La force de caractère des Québécois s’alimente
au sentiment de leur identité. Identité multiple et diversement
interprétée, bien entendu. De toutes façons et de
quelque manière que l’on tourne les choses, il n’existe
pas d’identité simple ou univoque. Mais il y a bien une identité,
une représentation de soi parfaitement distinctive non seulement
dans le contexte canadien, mais dans l’Amérique du nord.
Elle est liée à la langue française. Certes, le Québec
est bilingue, on y parle le français et l’anglais, il est
même multilingue lorsque l’on compte les allophones. Mais
cette diversité ne saurait masquer non seulement que la langue
française est celle de la très grande majorité de
la population, mais en outre qu’elle constitue l’élément
central de l’identité québécoise par rapport
au monde anglophone qui l’entoure de toutes parts. C’est l’attachement
à sa langue qui fait la spécificité et tout l’intérêt
du Québec. S’il existe une nation québécoise,
et je crois qu’elle existe, c’est une nation qui se définit
par sa langue. Mis à part elle, qu’y aurait-il de spécifiquement
québécois ? Même le catholicisme auquel l’usage
de la langue française était jadis subordonné, dans
la mesure où elle était considérée comme l’instrument
de la perpétuité de la foi catholique, connaît depuis
la Révolution tranquille un déclin rapide, profond et sans
retour. Avec le déclin du catholicisme, la langue française
a occupé le premier plan dans la conscience de l’identité
du Québec, et à travers elle dans la conscience d’une
identité nationale laïcisée. Leur langue mise à
part, les Québécois sont des Américains comme les
autres (2). Ils le sont par leur géographie, aussi bien que
par leur histoire. Ni l’une, ni l’autre ne sont européennes.
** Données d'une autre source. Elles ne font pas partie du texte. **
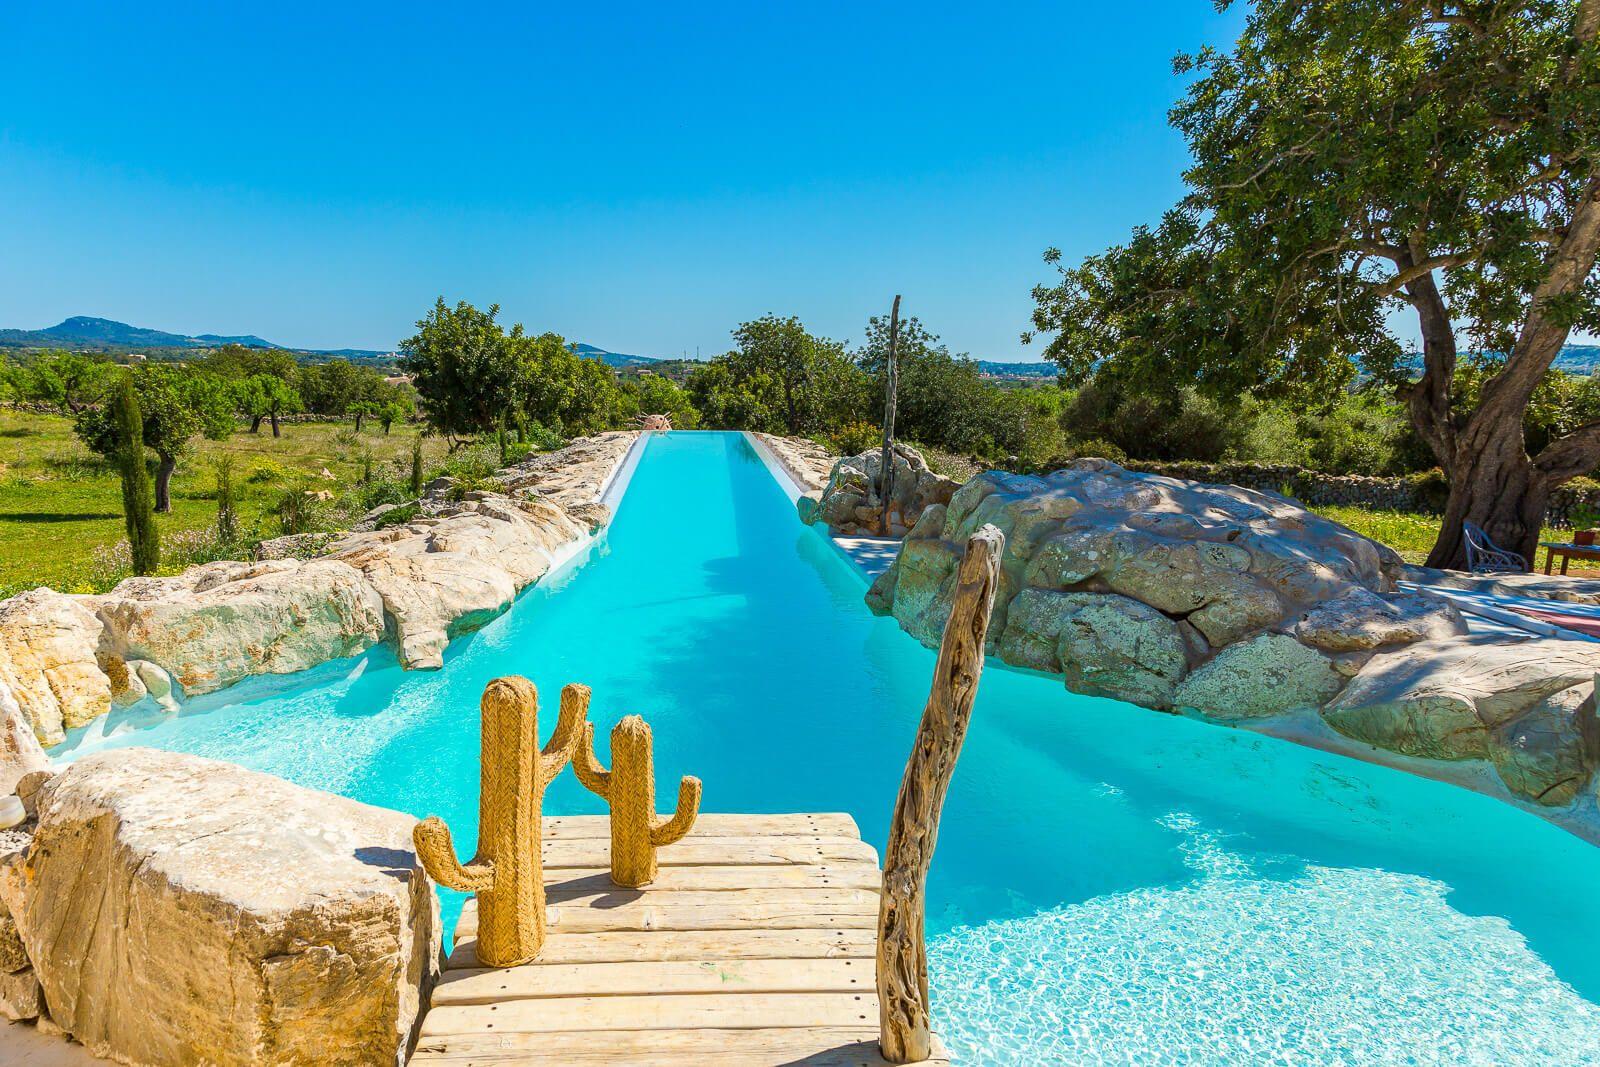 Finca Bonita  Mallorca  Mallorca in 2019  Pinterest  Mallorca Fincas und Playas hermosas
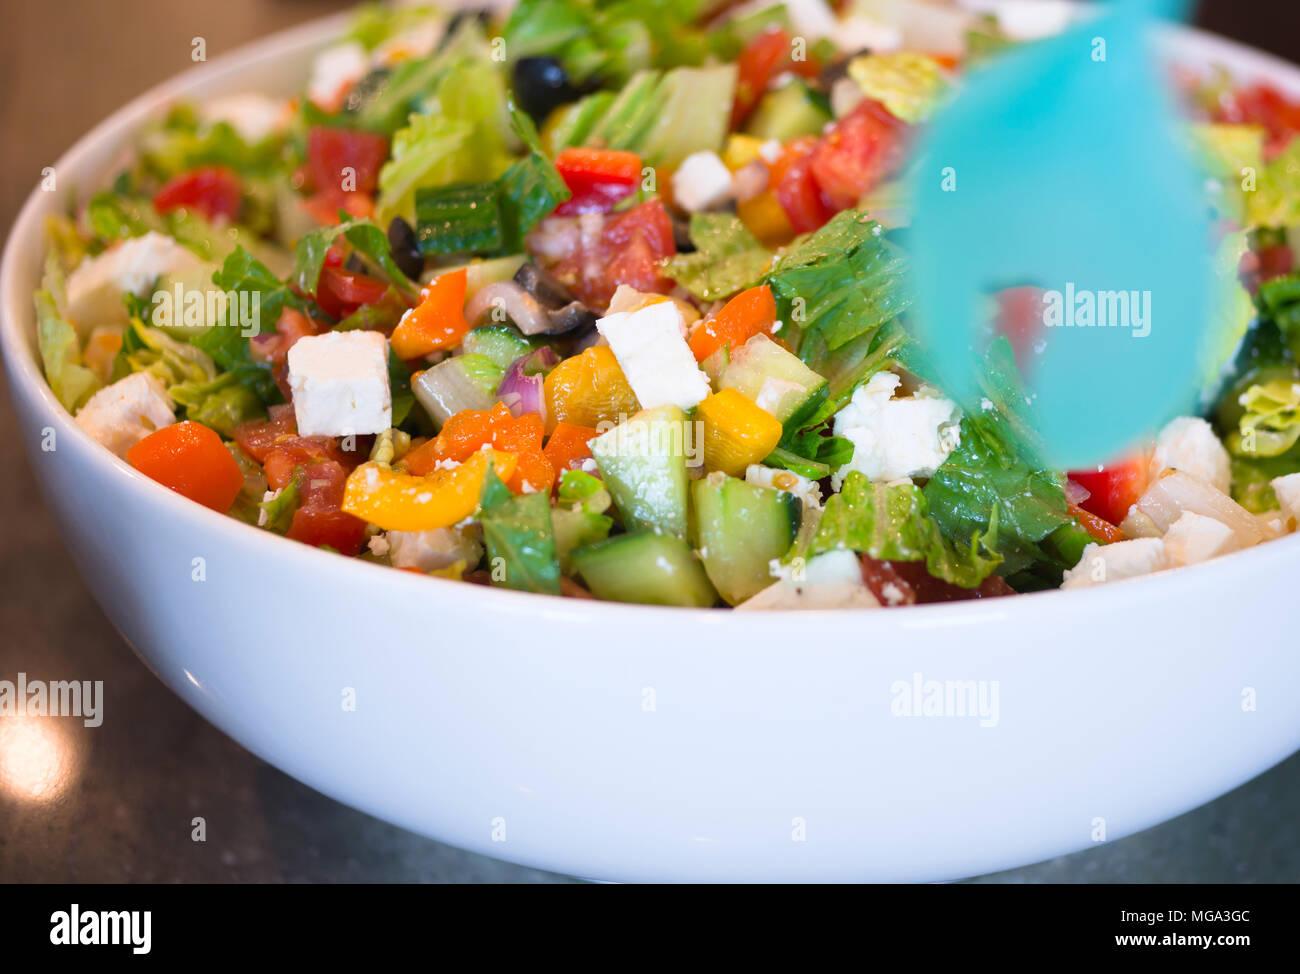 low calories photos & low calories images - alamy

Les formes de leur société, de leur économie, leurs
contenus culturels, leurs universités sont américaines et
non européennes. Il s’agit d’une société
relativement nouvelle, formée par l’immigration et multiculturelle,
ce qui l’éloigne beaucoup de la France et l’inscrit
dans le modèle anglo-saxon du Canada. Cependant, face au Québec
comme fait américain, il y a l’usage de la langue française.
Mais la langue, ce n’est pas peu. C’est à travers une
façon de dire, une façon de penser, de percevoir, de se
représenter soi-même, les autres et le monde. C’est
l’héritage culturel d’un passé et l’instance
de création des formes de vies et de cultures à venir. La
langue constitue donc non seulement un patrimoine, mais aussi un lieu
vivant, dynamique, d’existence en commun, un espace partagé
où l’on se reconnaît et s’identifie. Ce n’est
pas par hasard que l’existence de la différence québécoise
est ultimement et indissociablement liée à la défense
et à l’illustration de la langue française. Le 2ème
alinéa du Préambule de la Charte de la langue française,
connue sous le nom de Loi 101, adoptée en 1977, le dit de manière
on ne peut plus claire : « L’Assemblée nationale reconnaît
la volonté des Québécois d’assurer la qualité
et le rayonnement de la langue française. Elle est donc résolue
à faire du français la langue de l’Etat et de la Loi
aussi bien que la langue normale et habituelle du travail, de l’enseignement,
des communications, du commerce et des affaires ».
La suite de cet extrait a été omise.